Brown came to visit his former coach at Missouri during the Missouri Grand Prix in February 2011. After talking with Rhodenbaugh, Brown decided to move to Missouri to train and to continue his academics as a graduate student. Brown then resumed his training in May in Columbia and made the U.S. national team again in August.

His next goal is making the U.S. Olympic team, and his coach has confidence Brown can make it.

“I think he’s got a great shot at making the Olympic team,” Rhodenbaugh said. “I think he could be one of the guys that could knock out one of the two top guys out. He’s already put himself back in that position.”

Even though Brown’s injury might seem like it’s hindered his swimming career, Rhodenbaugh said he thinks Brown has become a better person because of the injury.

“Jack worked through something that was pretty large and came out better from it, Rhodenbaugh said. "That’s what we are supposed to do as people, if we are approaching life in a healthy, productive way. We are given trials that we have to overcome. So I think that it says a lot about his character, that he was able to handle all of that.”

Brown will need to be one of the top two finishers at the Olympic Trials in July in order to make the Olympics. Although he is confident he can make the team, he also realizes this swim could be his last.

“I consider the Olympic trials to be the last swim of my career if I don’t make the team,” Brown said. “But, I want to leave the sport knowing that I've done everything in my power to make the team. My goal is to go there, swim my race and make the team.”

Brown’s leg still bothers him when he trains or swims, but he’s learning to not focus on the pain.

“The pins in my leg aren’t flush in with my bone, so I get a lot of grinding and popping and stuff," Brown said. "I’ve been told it's not a big thing, but it's actually excruciating. It's something I’ve learned to put in the back of my mind and not think about it, but it’s still really uncomfortable.”
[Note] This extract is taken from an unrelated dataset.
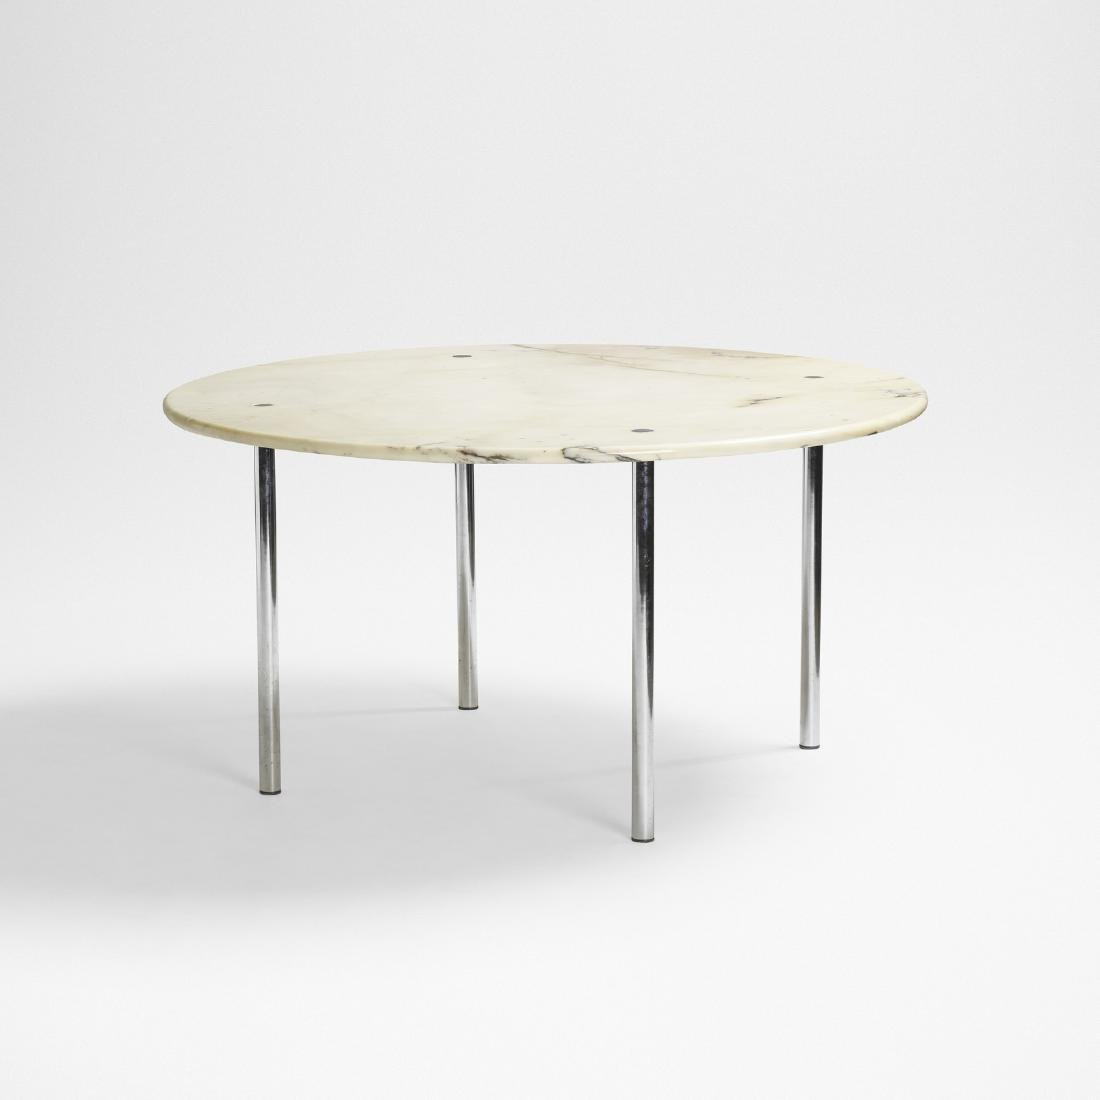 Katavolos, Littell & Kelley, Tinos dining table, 8-M

Brown began training in September for the Olympics with nine water sessions a week and three weight sessions a week and is now fully into his training. No matter the outcome of the Olympic Trials, Brown has already accomplished something for himself.

"I'm really happy with my decision to move here and train," Brown said. "Even if I don't make the team, it's been a great journey, and I'm so grateful for everything that everyone has done for me."